■ Data segment

- - - - -

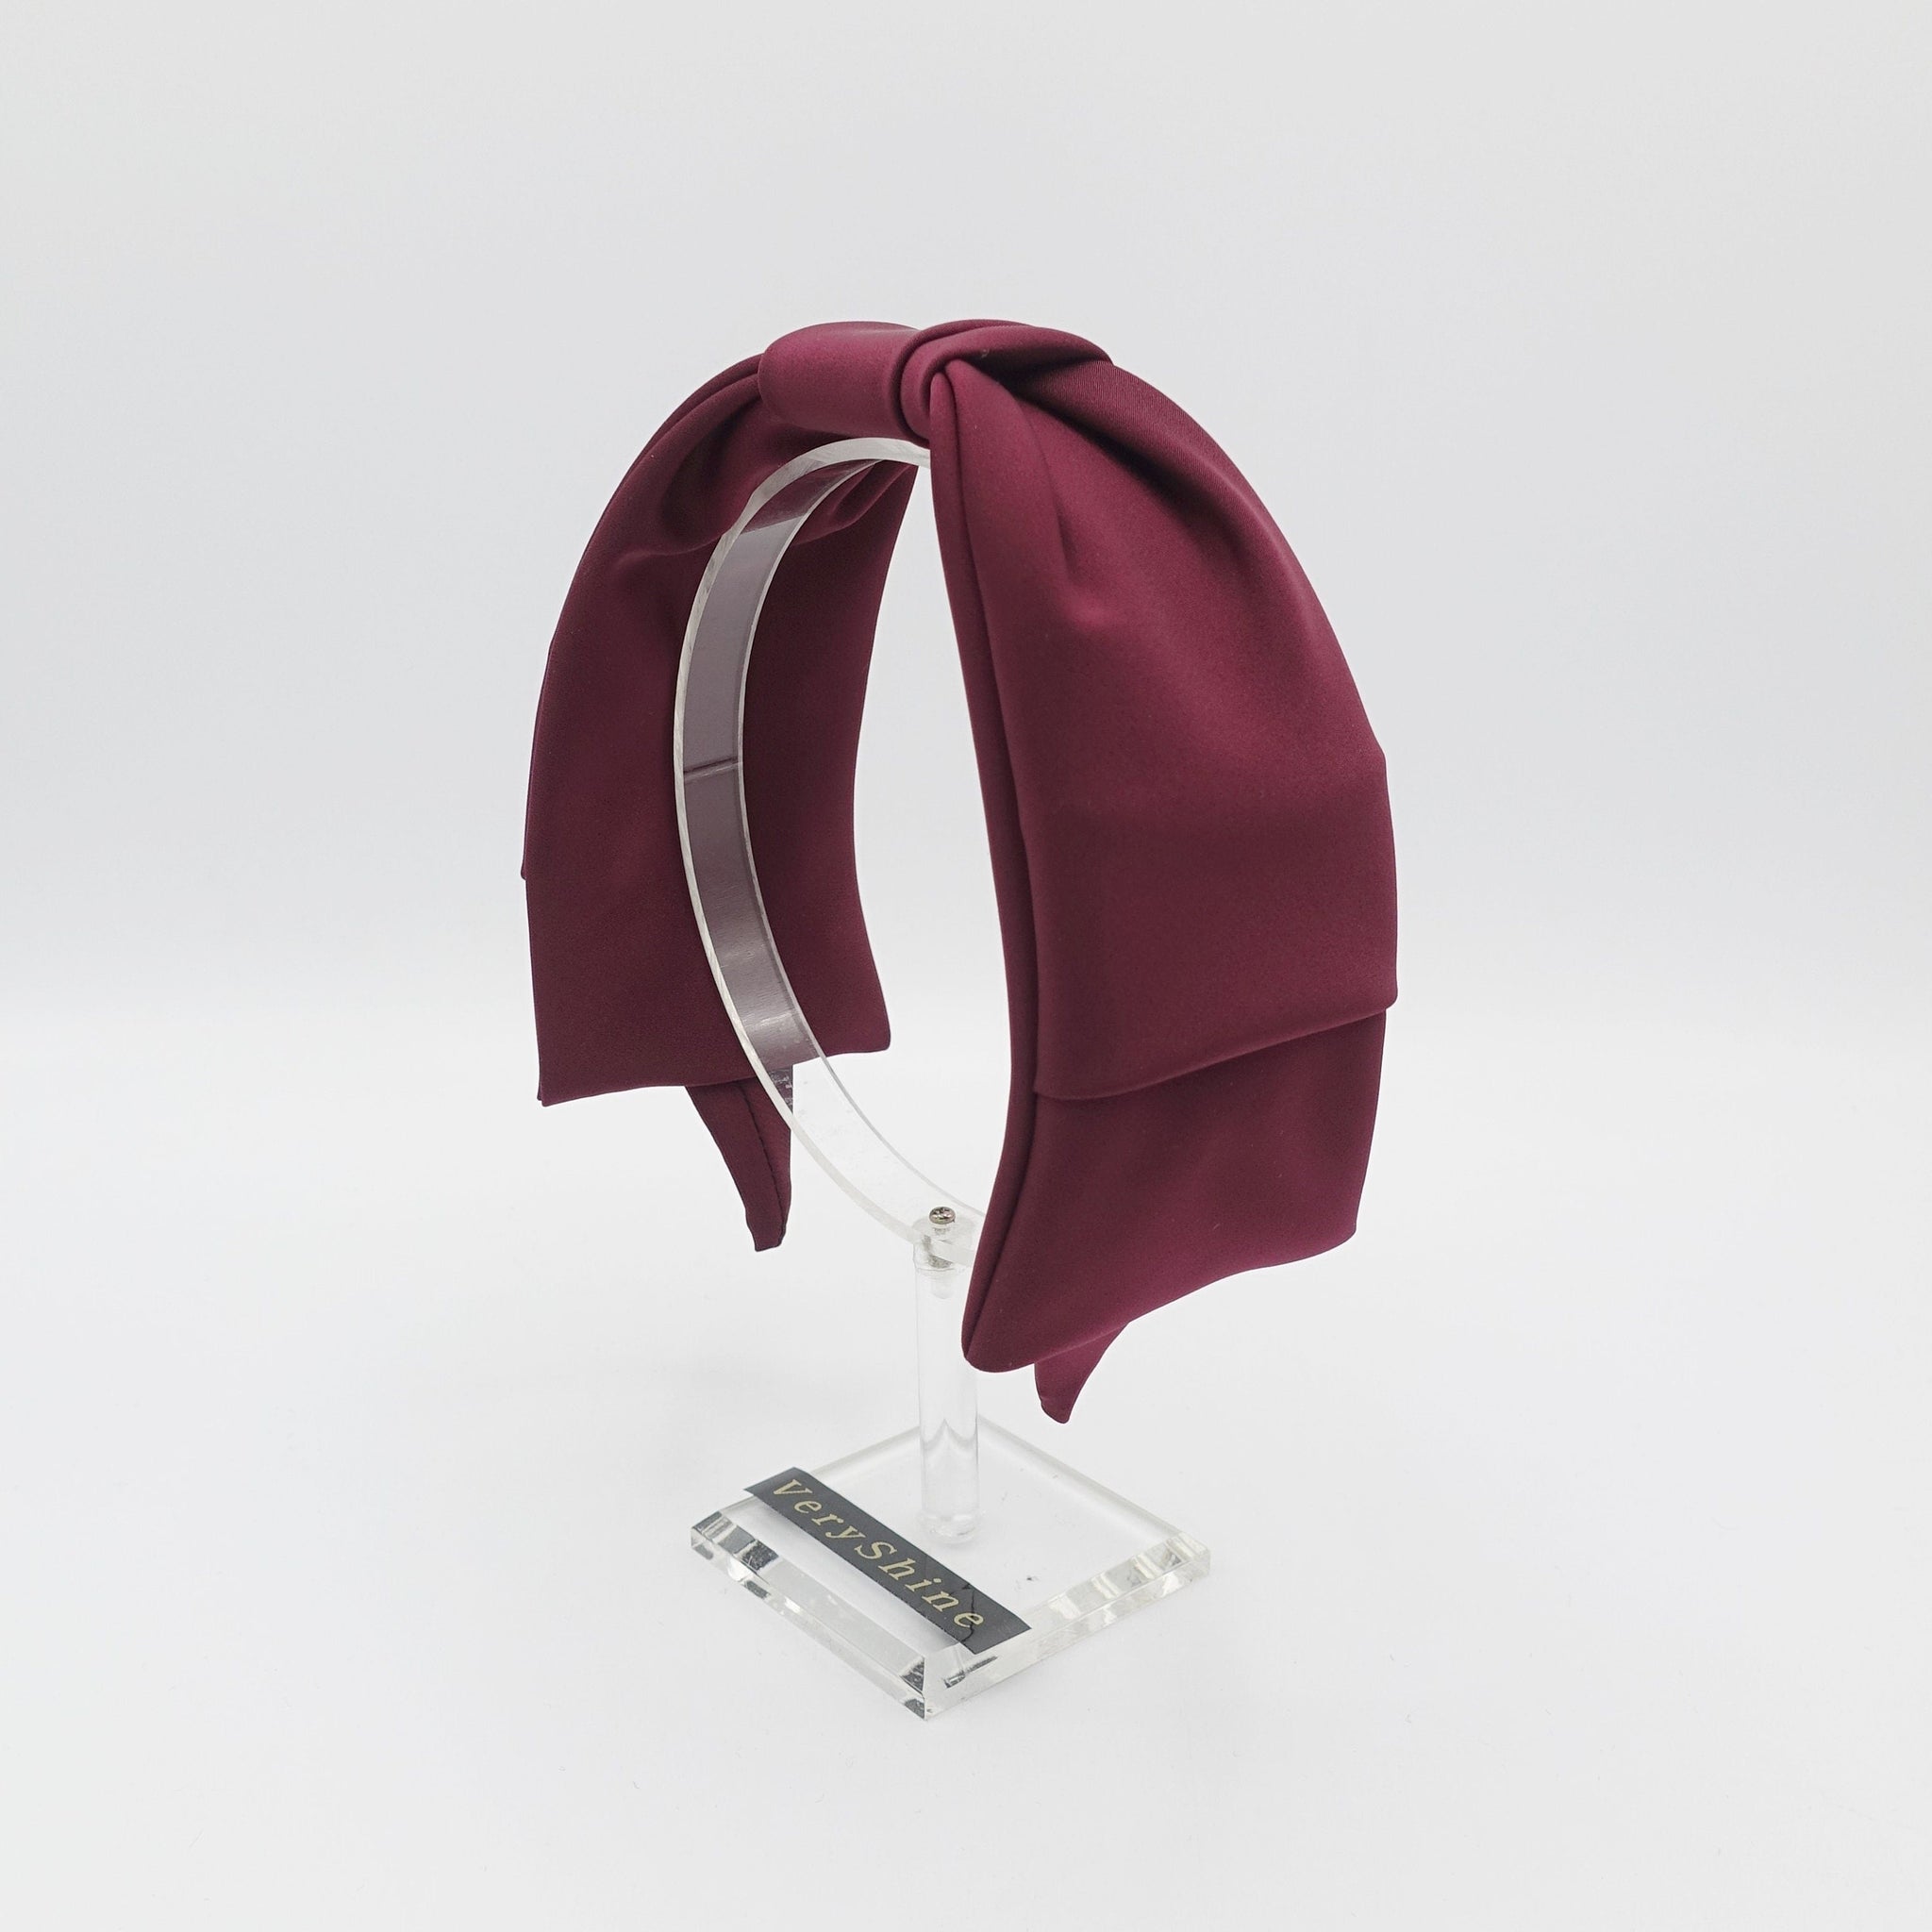 veryshine.com Headband Red wine solid satin bow tie headband formal hair accessory for women
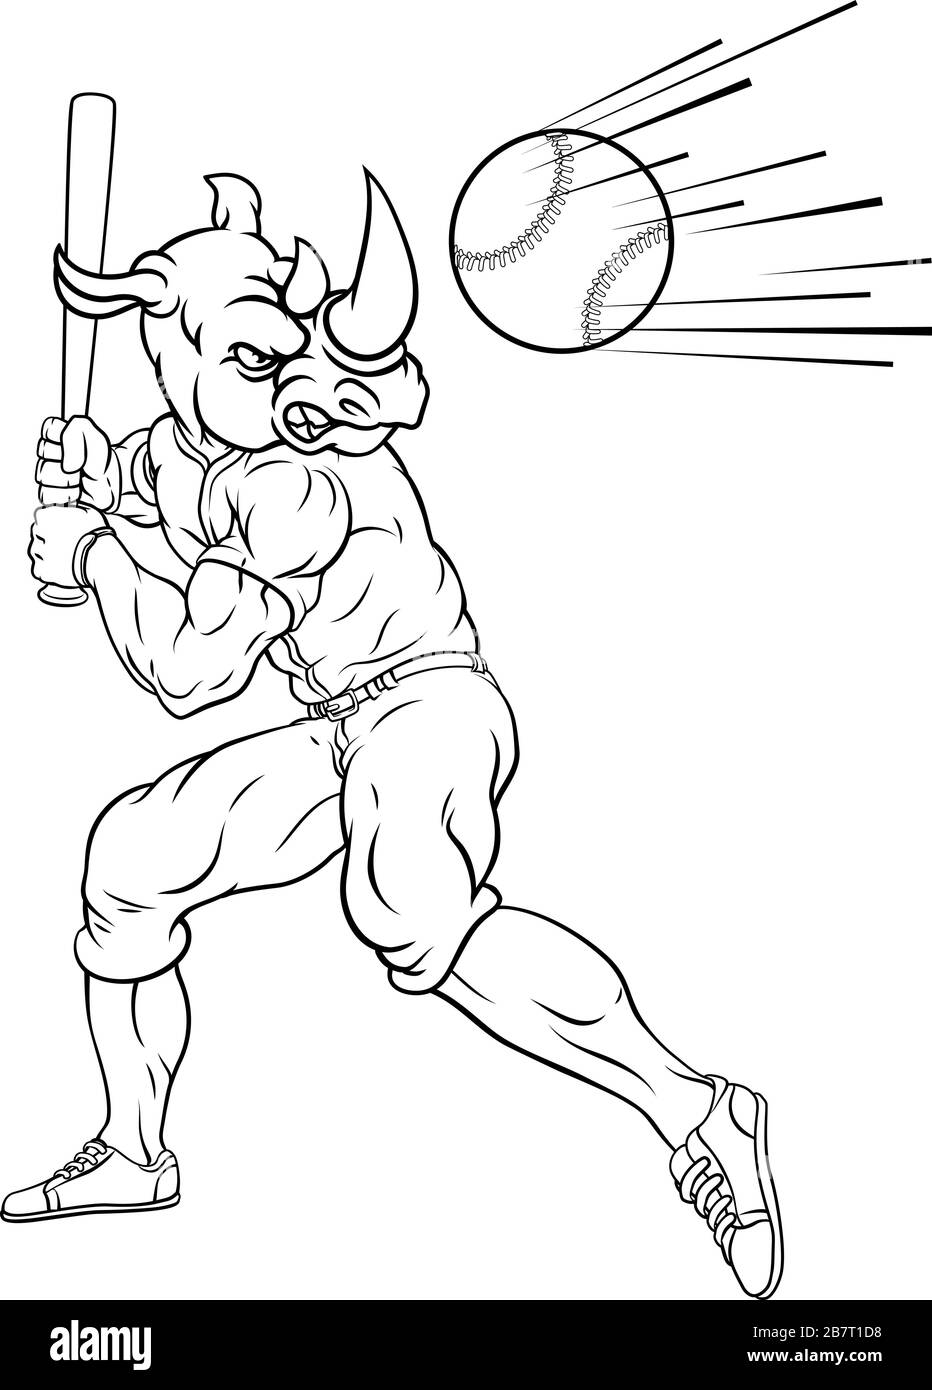 Rhino Baseball Player Mascot Swinging Bat at Ball Stock Vector
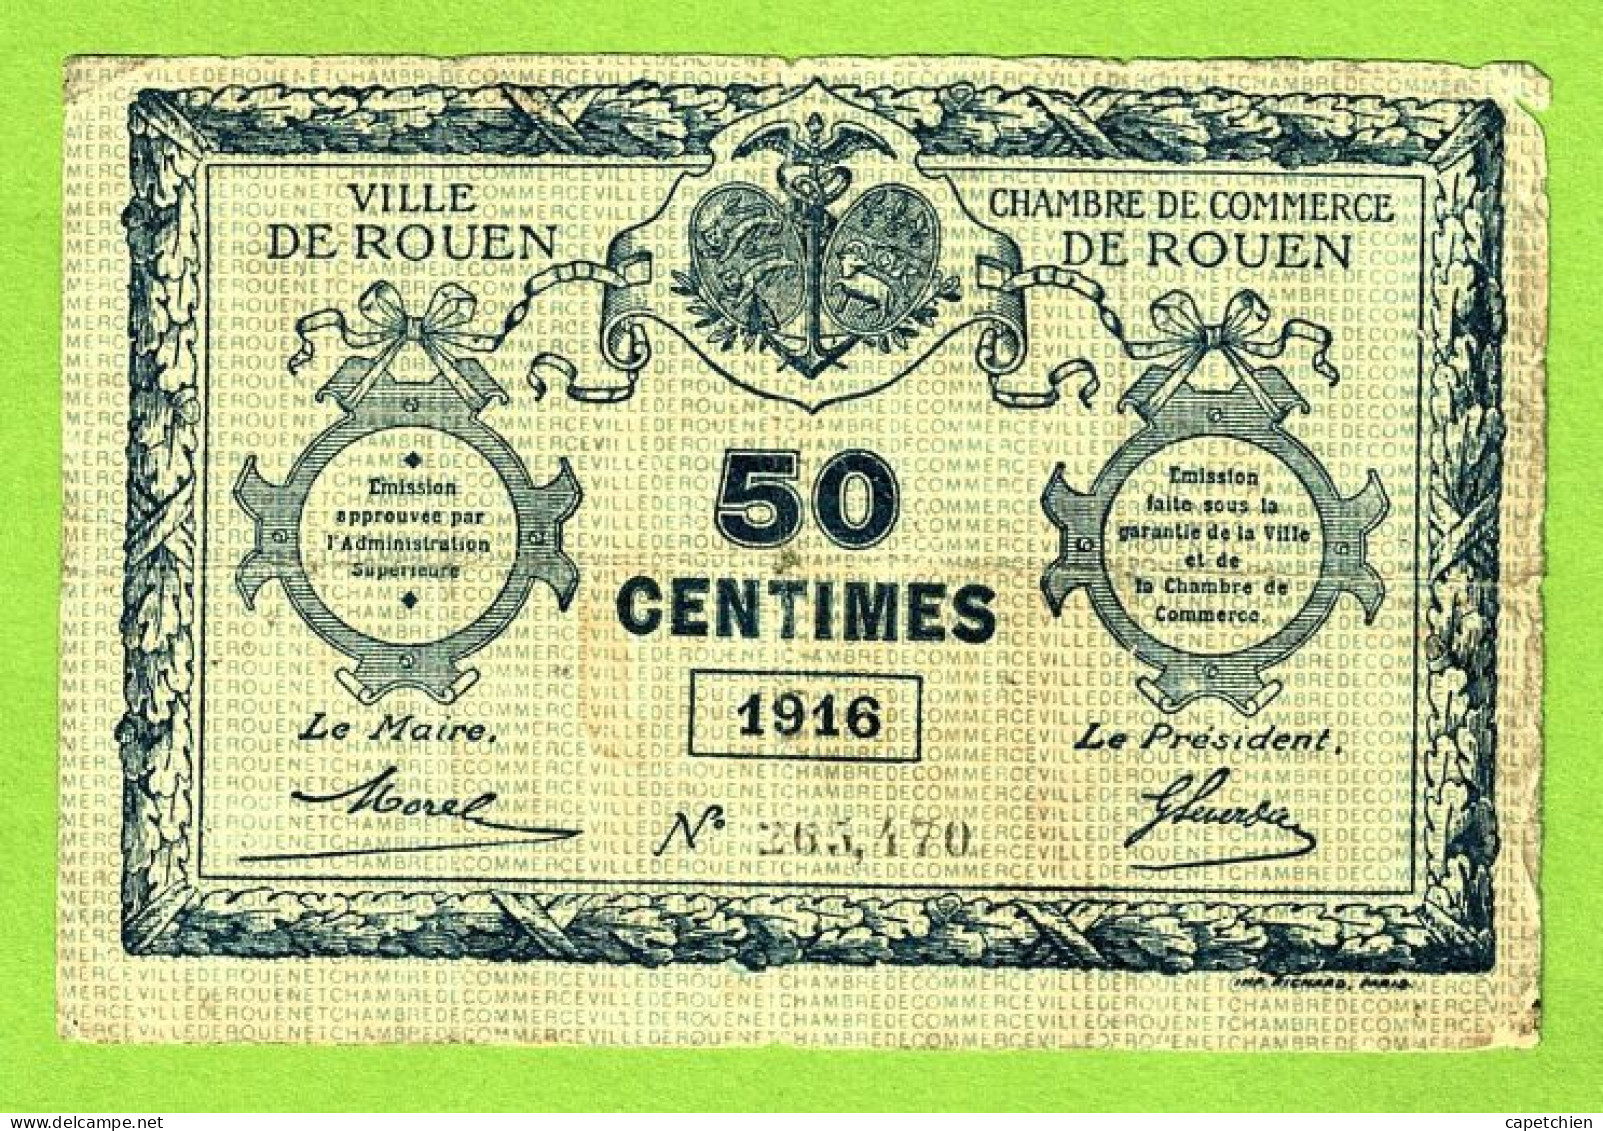 FRANCE / VILLE & CHAMBRE De COMMERCE De ROUEN / 50 CENTIMES /  1916  / N° 265470 - Camera Di Commercio

- - - - -

■ Exercise prompt
Would you restate the listing word for word and leave every picture out?

■ The answer
 veryshine.com Headband Red wine solid satin bow tie headband formal hair accessory for women
 Rhino Baseball Player Mascot Swinging Bat at Ball Stock Vector
 FRANCE / VILLE & CHAMBRE De COMMERCE De ROUEN / 50 CENTIMES /  1916  / N° 265470 - Camera Di Commercio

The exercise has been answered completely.